Multi-Model Setup
A walkthrough of the common patterns for using multiple model providers: per-agent dispatch, cost tiering, local-first with hosted backup, API key rotation, and rate-limit handling.
参考材料位于提供程序系统的以下位置:
- 模型提供商 → 概述 — 提供商的定义、配置结构
- Model Providers → Routing — per-agent dispatch and OpenRouter
- 模型提供商 → 目录 — 每个提供商的配置结构
When to use multi-model setup
多模型配置适用于:
- Cost tiering: cheap model handles high-volume channels; reasoning model handles complex requests
- Capability routing: vision-capable model for image-bearing channels, reasoning model for research workflows
- Local-first development: local Ollama for development, hosted endpoint for production
- Per-team isolation: different teams use different agents with different model_providers and credentials
- Rate-limit handling: rotate through API keys on
429(rate limit) responses
Core idea — per-agent dispatch
Each [agents.<alias>] entry points at exactly one [providers.models.<type>.<alias>]. If the model goes down, the agent goes down; the operator routes affected channels to a different agent. See Routing for the full pattern.

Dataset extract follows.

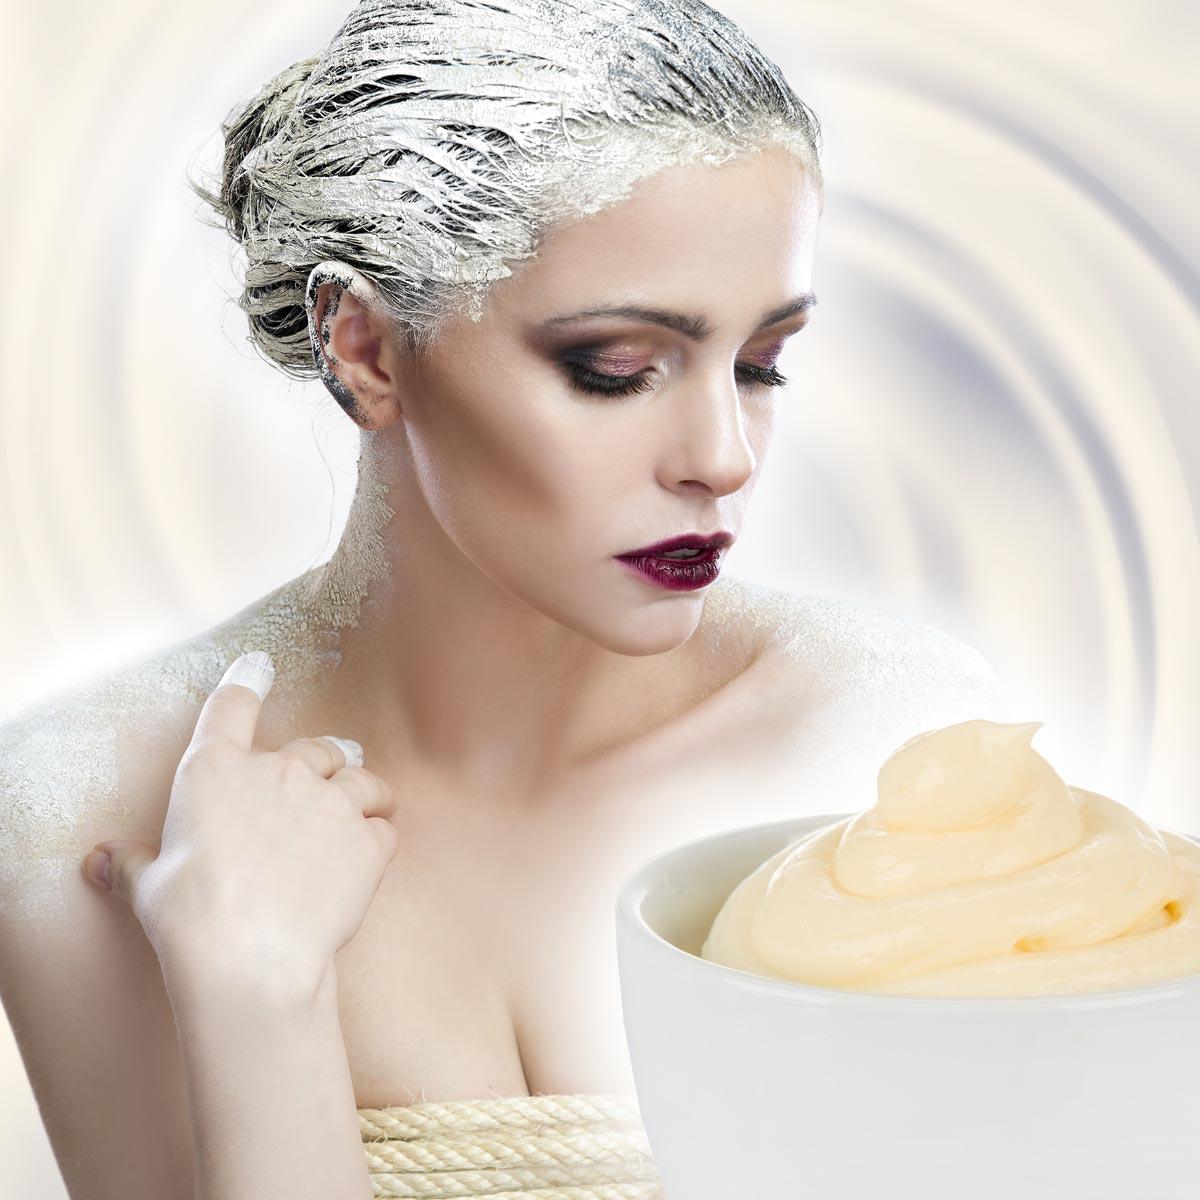 Vyrobte si vlastní přírodní kondicionér na vlasy. Možná vás překvapí, že jím je zcela obyčejná domácí majonéza.

To run multiple models, run multiple agents:
[providers.models.anthropic.haiku]
model = "claude-haiku-4-5-20251001"
api_key = "sk-ant-..."
[providers.models.anthropic.sonnet]
model = "claude-sonnet-4-6"
api_key = "sk-ant-..."
[providers.models.deepseek.reasoner]
model = "deepseek-reasoner"
api_key = "sk-..."
[channels.telegram.home]
bot_token = "..."
[channels.slack.engineering]
bot_token = "..."
[channels.slack.research]
bot_token = "..."
[agents.fast]
model_provider = "anthropic.haiku"
risk_profile = "hardened"
runtime_profile = "tight" # fewer iterations for snappy public replies
channels = ["telegram.home"]
[agents.deep]
model_provider = "anthropic.sonnet"
risk_profile = "hardened"
runtime_profile = "deep" # higher iteration cap for engineering tasks
channels = ["slack.engineering"]
[agents.reasoner]
model_provider = "deepseek.reasoner"
risk_profile = "hardened"
runtime_profile = "deep" # extended chains for research-style prompts
channels = ["slack.research"]
# Shared `hardened` posture across the three public-facing agents,
# distinct `tight` / `deep` runtime profiles per per-agent throughput
# intent. `risk_profile` and `runtime_profile` are independent maps.
[risk_profiles.hardened]
level = "supervised"
workspace_only = true
require_approval_for_medium_risk = true
block_high_risk_commands = true
[runtime_profiles.tight]
max_tool_iterations = 5
max_actions_per_hour = 30
[runtime_profiles.deep]
max_tool_iterations = 50
max_actions_per_hour = 200
Each channel binds to one agent at a time. To move a channel to a different agent, edit the channels = [...] list on the agent that should pick it up — Config::validate() makes sure references resolve at startup.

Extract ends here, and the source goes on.